3.3. Object Detection and Segmentation

Mask R-CNN [23] is applied to both object detection and instance segmentation in the image taken by the left camera. As for object detection, the outputs of Mask R-CNN include the rectangle enclosing the detected object with a label and confidence, while the filled area is generated as the detected object.

3.4. Depth Estimation

The conventional stereo matching algorithm is applied for depth estimation of the tiny workpieces; however, the tiny workpieces cause an error problem. Depth is obtained for each pixel in the image, and the problem is that the depths of adjacent pixels are not necessarily the same, and there are pixels whose depth is not obtained. This problem is especially conspicuous for tiny objects. An example is the “Stereo Matching” image shown in Figure 8. It is necessary to obtain the contour of the object, and the novelty of this paper is its suggestion of combining object detection and instance segmentation based on D-CNN to solve this problem.
The process of recognizing objects in three-dimensional space by synthesizing the results of stereo matching and those of instance segmentation is shown in Figure 8. Here, there are some pixels whose depth could not be obtained, and they are shown as transparent pixels in the “Stereo Matching” image. Furthermore, there are cases where the adjacent pixels, which are estimated on the same surface, have different depths because instance segmentation is executed on pixels and has some errors.
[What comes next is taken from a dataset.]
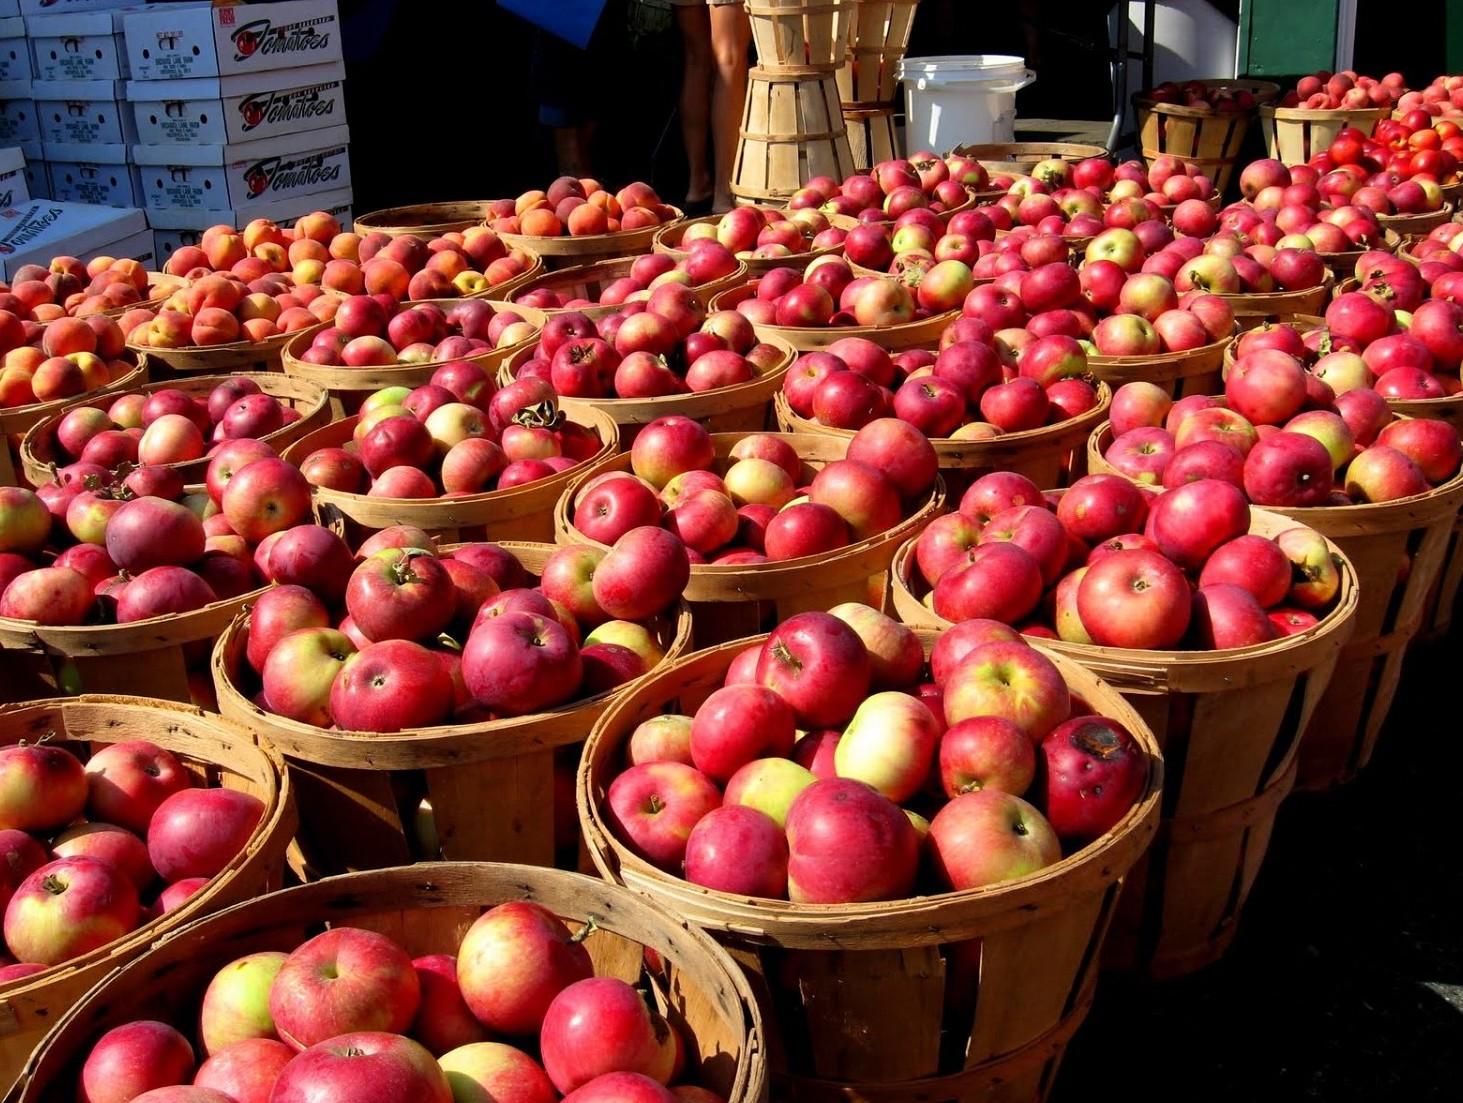 Pesticidi nelle mele in Italia, grave al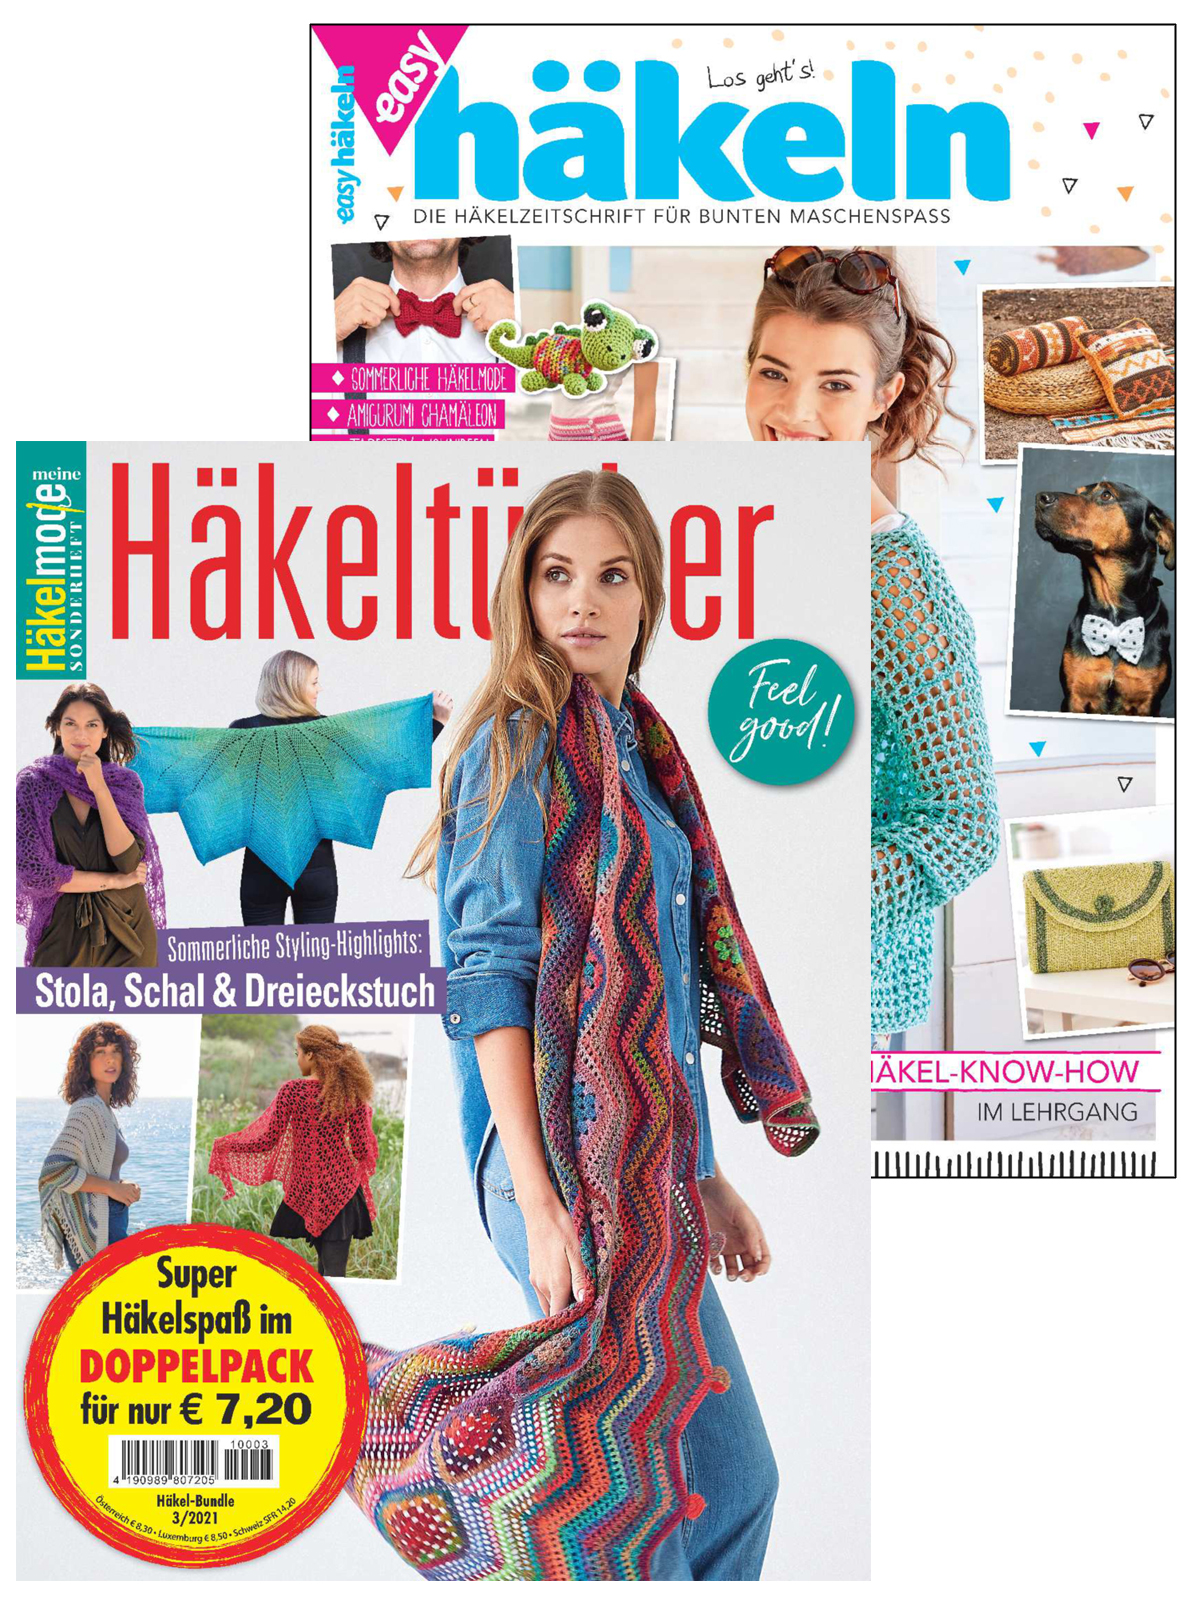 Zwei Zeitschriften: MH 032 Häkeltücher + EH 17 002 Easy Häkeln

To solve these problems, the positions (x, y) of pixels on an estimated surface obtained through instance segmentation and the depth corresponding to (x, y) are first synthesized by matching their coordinates, and then the depths of pixels over the estimated surface are determined as (x, y, depth), where depth is defined as their mode, except for undefined depths. The process of estimating the rotational angle of the workpieces utilizes the Harris algorithm, which detects the corner pixels of a given 3-D image. Here, the Harris algorithm also has some errors, and more than four points in the neighborhood of the true corner points are detected as candidate corners. Moreover, they are not necessarily in the area of the workpieces. As shown in Figure 5, this paper deals with cubic workpieces whose heights are the same, and we define the number of layers, k (=1, 2, …, n), in the bulk stack. Therefore, if the depth differences among the corners are within half of the height of the workpieces, the layer number is accurately obtained. Its accuracy against actual bin picking problems is verified in the experiments by defining evaluation metrics.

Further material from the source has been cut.